Pub: Sydney Morning Herald
Section: News and Features
Subsection: The Culture
Boats, yes, but let’s not miss the bus
Our obsession with nature has led us to neglect urban culture, writes Elizabeth Farrelly.
It’s that old Australian dilemma – call it conflicted, call it hypocritical – that glues our lives to the tarmac while our hearts beat for the bush. Whether despite or because of Australia’s hyper-urban civilisation (I use the word loosely) our poets, almost to a person, are nature poets. From Banjo Paterson to Lloyd Rees, Patrick White to Richard Leplastrier, the city plays mistress, for mammonish purposes at least, but it is to virgin nature that we sing our lovesick songs. Which may simply show that our rurophilic anglo heritage is alive and prevaricating.
Last year’s lovely little book on Leplastrier is a case in point. Imported from Finland – uh, yes, embarrassingly it took the Finns to produce the only monograph on our second-most revered architect – and more catalogue, really, than book, the slim volume was produced as a condiment to the Finnish Wood in Culture Association’s biennial Spirit of Nature Wood Architecture Award, of which Leplastrier was last year’s recipient.

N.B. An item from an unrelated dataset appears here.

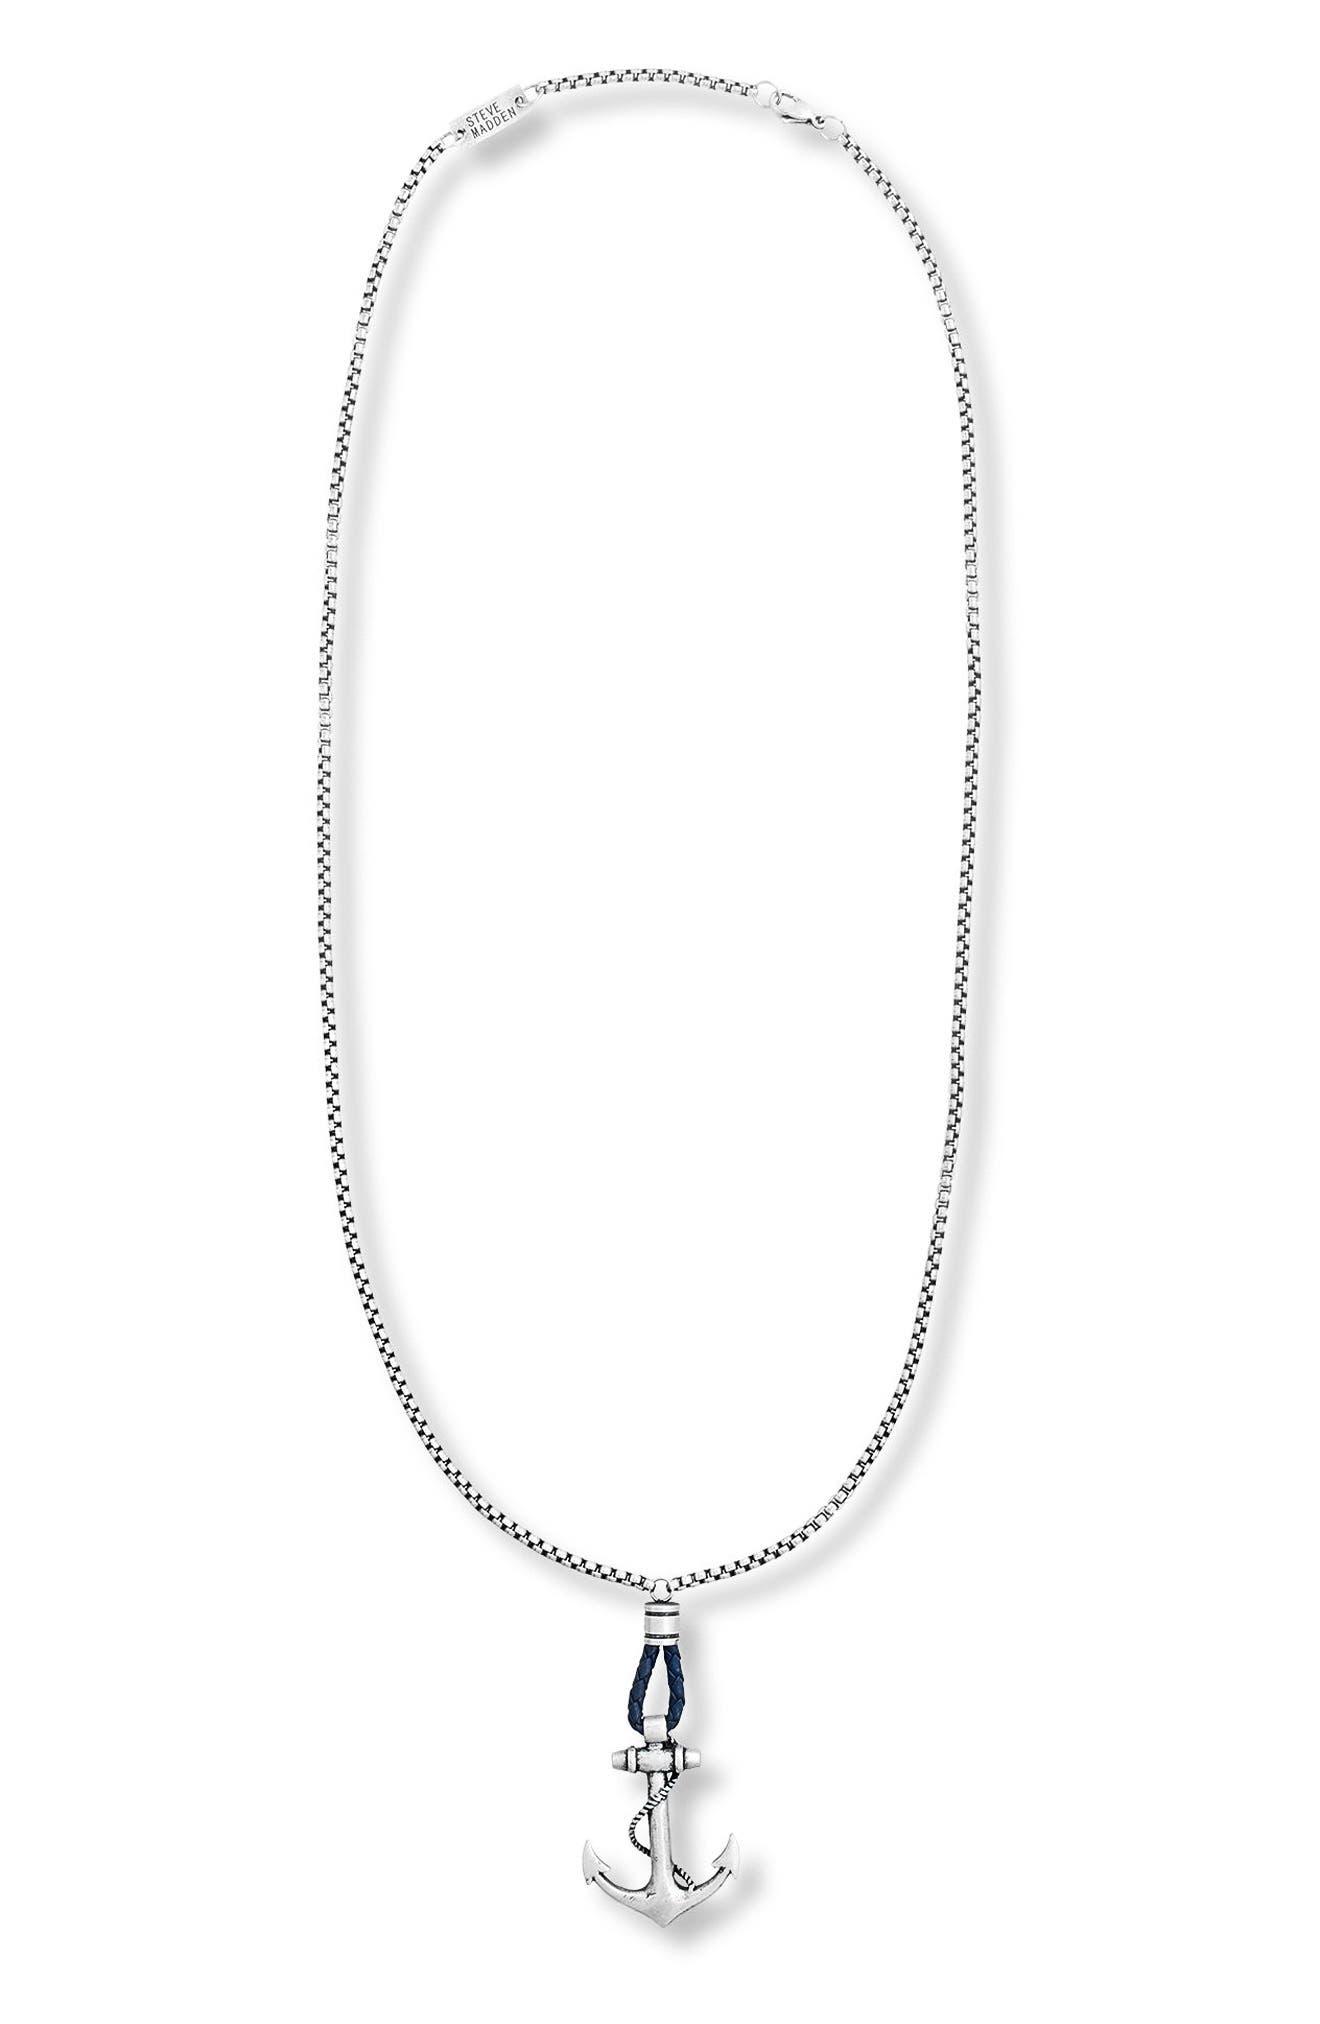 Oxidized Anchor Pendant Necklace,                         Main,                         color, 401

At $85 a pop – which cuts up at about a dollar a page, or 10 bucks a building – it’s not cheap, even by the standards of way more sumptuous archi-books. Yet every shipment sells out in a flash. Why? Partly because of Leplastrier’s richly deserved cult status, and partly because of the way he, like Glenn Murcutt, designs for lives we can envy but (on the whole) can never lead.
Don’t get me wrong. Leplastrier is a fine architect who, like Murcutt, has devoted his career to the kind of authenticity few architects even pine for, much less achieve. In this he lists three crucial teachers – Rees, Joern Utzon (with whom he worked for two years on the Opera House), and Kyoto’s Professor Tomoya Masuda – as well as two huge areas of influence, both embodying the exquisite entanglement of use and beauty: sailing and Japanese aesthetics.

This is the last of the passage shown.